В полом пространстве между фасадом и старой кирпичной облицовкой помещена гробница Сиджисмондо, доступная изнутри. Но на боковых фасадах такого пространства нет, ибо здесь круглые широкие арки не просто рельефны, а отделены: и в нишах помещены большие каменные саркофаги, стоящие на красноугольном парапете. В них покоятся кости гуманистов и философов двора Джисмондо. Когда храм был построен, было предусмотрено место для четырнадцати саркофагов, чтобы заключить в них самый почетный прах в Италии; но судьба незавершенности, постигшая храм, не пощадила и этот грандиозный замысел. Только семь гробниц стоят на парапете, семь других пустых арок не хранят никаких прославленных мертвецов.

Проходя через низкую дверь под центральной аркой фасада, мы поражаемся богатому и странному впечатлению от интерьера — вдвойне впечатляющему после строгости снаружи.
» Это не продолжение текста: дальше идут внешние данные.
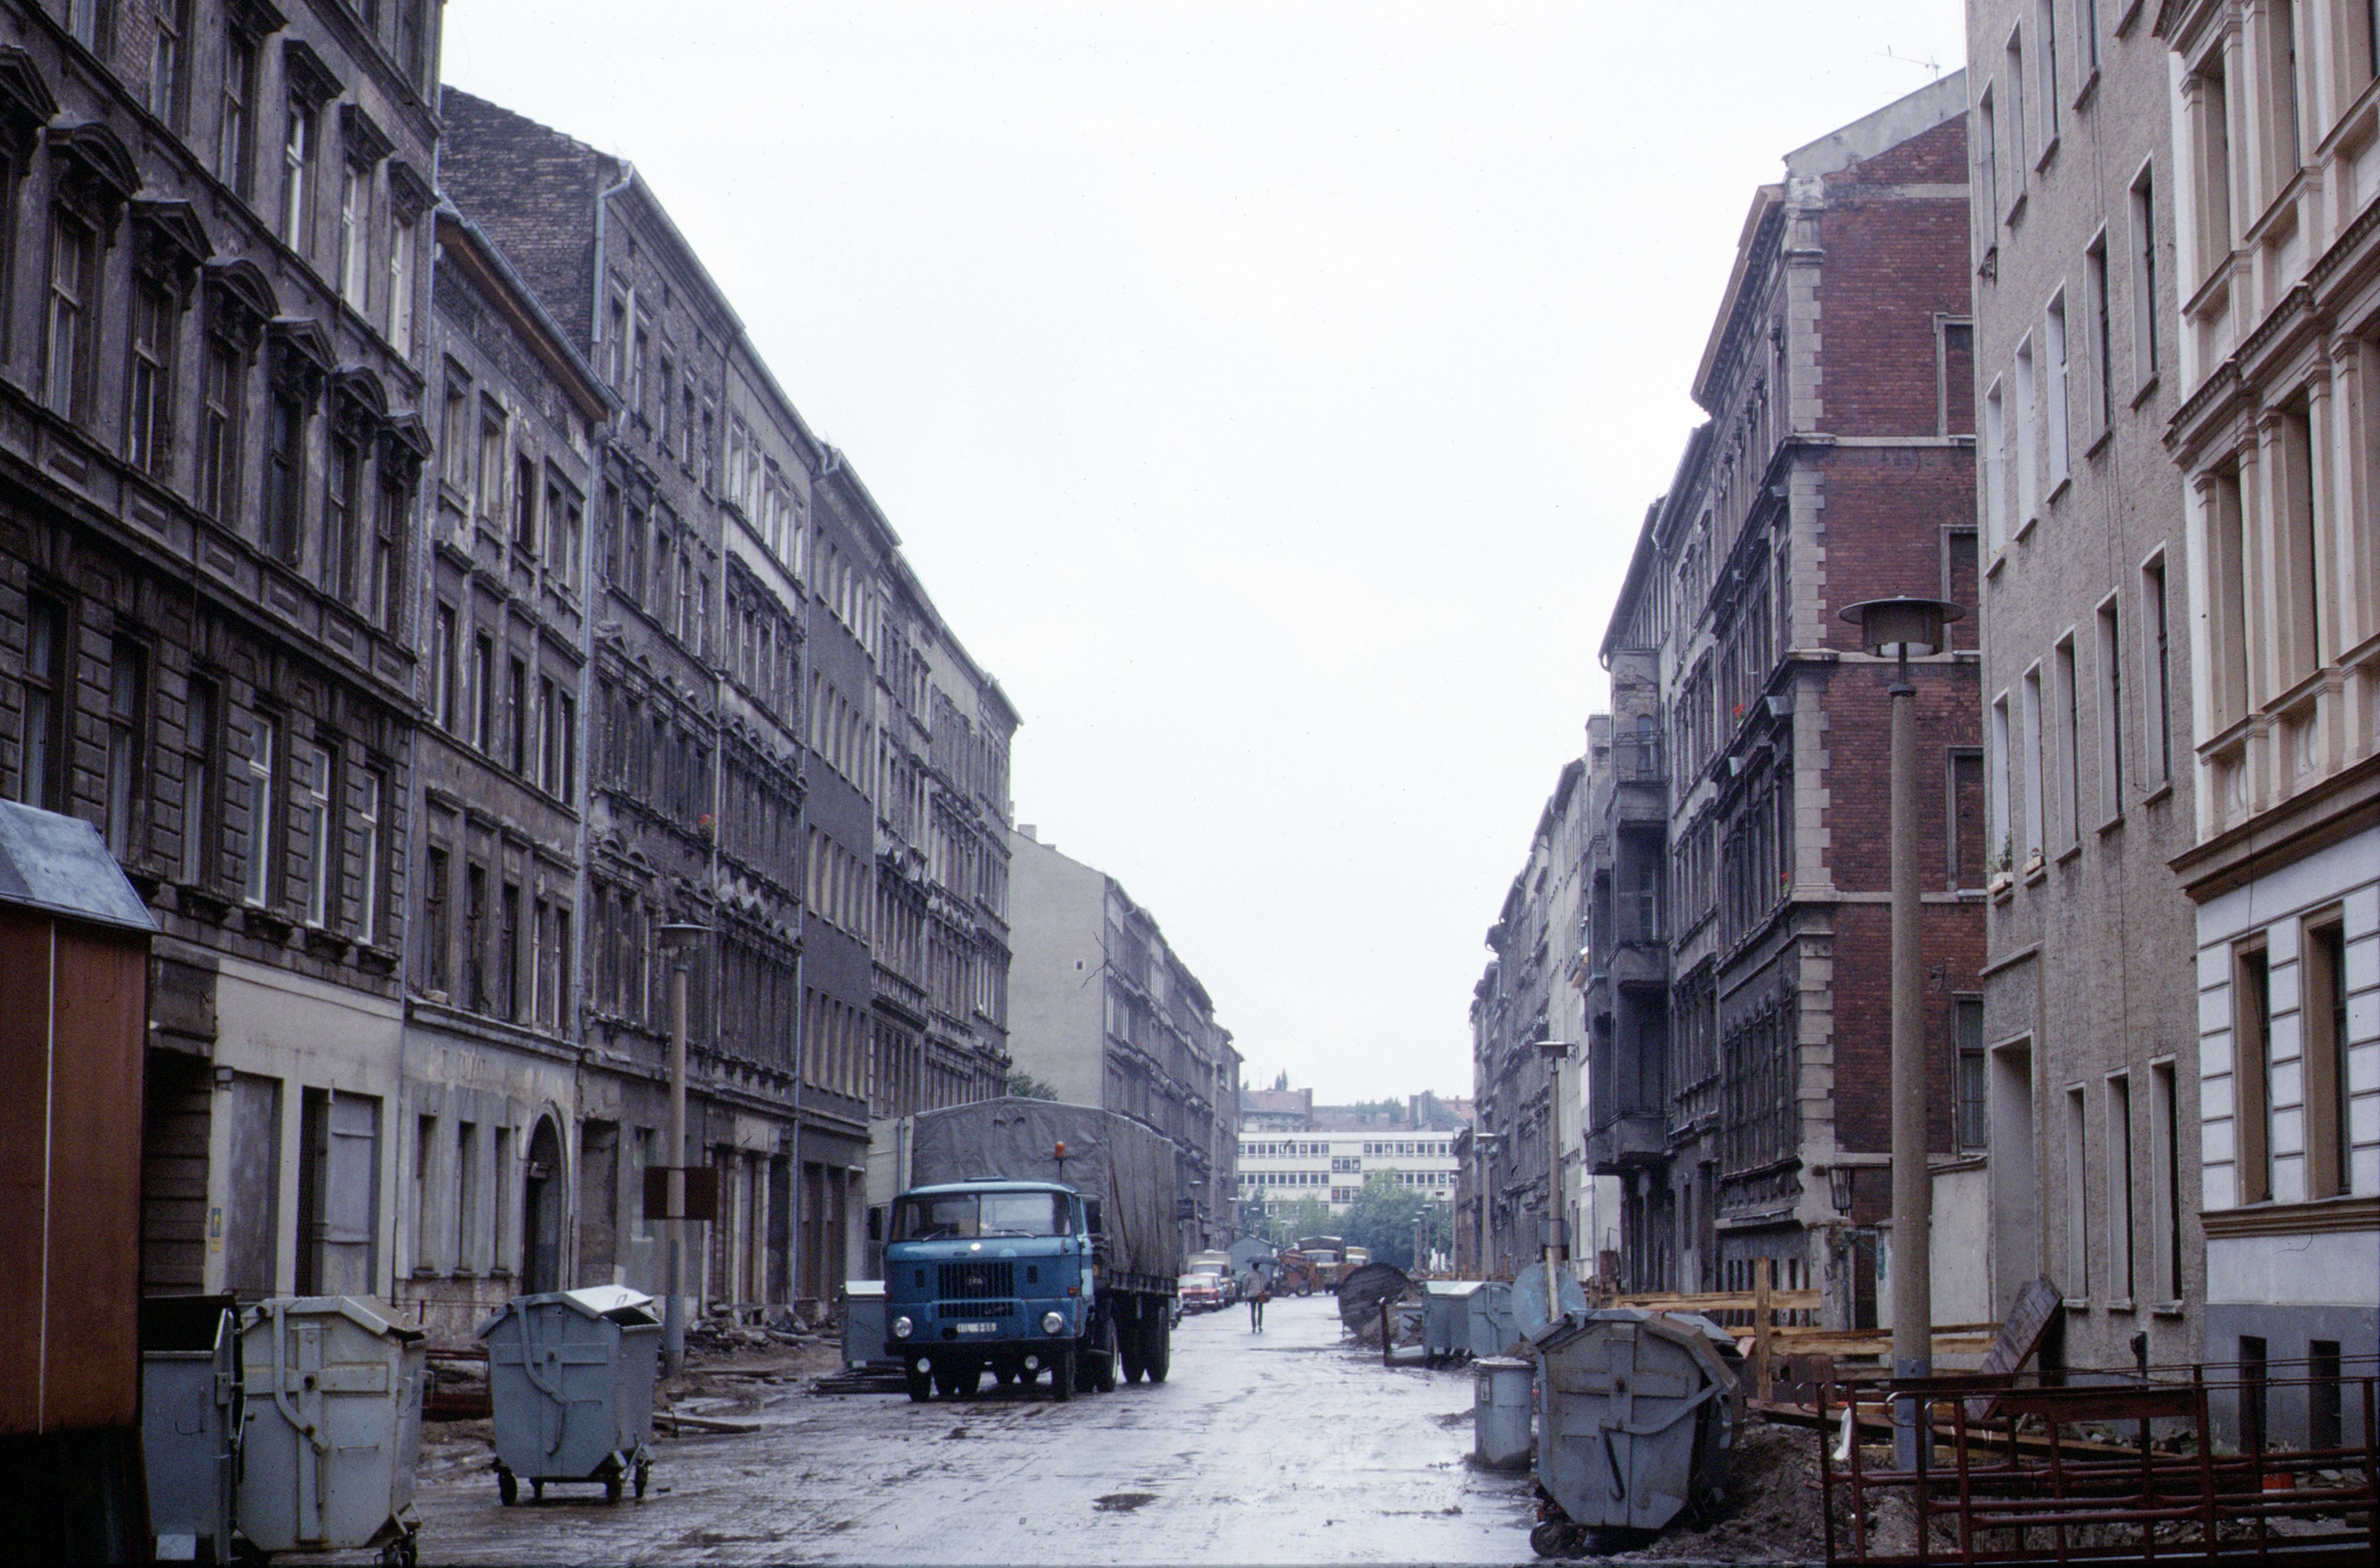 Typical street scene: East Berlin in 1988

Неф снабжен восемью боковыми капеллами, огороженными высокой балюстрадой; их по четыре с каждой стороны, причем две центральные находятся в двойных пролетах, в то время как значительное пространство стены отделяет первую и последнюю с каждой стороны от них. Стена между арками, разделенная тонкими колоннами, окрашена попеременно в бледно-морской зеленый и самый светлый красный; фриз несет те же оттенки; поперек него перекинуты тяжелые фестоны из желтовато-белого мрамора. Скульптурные колонны и перила капелл также окрашены в подобные нежные цвета. Барельефы Ферруччи с играющими детьми выделяются на фоне самого бледного, неглазурованного, сине-зеленого цвета, а под ними балюстрада просто белая, в то время как под изящными нетонированными низкими рельефами Агостино перила выполнены из богатейшей темно-красной брекчии, искусно украшенной скульптурами двуглавых слонов. Позади грубых фигур Чуффани фон из тусклого золота, в то время как здесь и там со всех сторон оттенок золота слабо очерчивает и брызжет на желтоватый мрамор. На фризе, на щитах путти, над дверными проемами, на колоннах и гробницах, над самыми головами святых в их капеллах мы находим двойную монограмму Сиджисмондо и его любовницы. Сами святые не в безопасности. Изотта носит одежды и крылья святого Михаила. Над балюстрадами капелл процветает ее роза, а изображение Сиджисмондо вырезано на колоннах. Так что от пьедестала до карниза вся великая церковь является одним памятником страсти, которая бросила ей вызов.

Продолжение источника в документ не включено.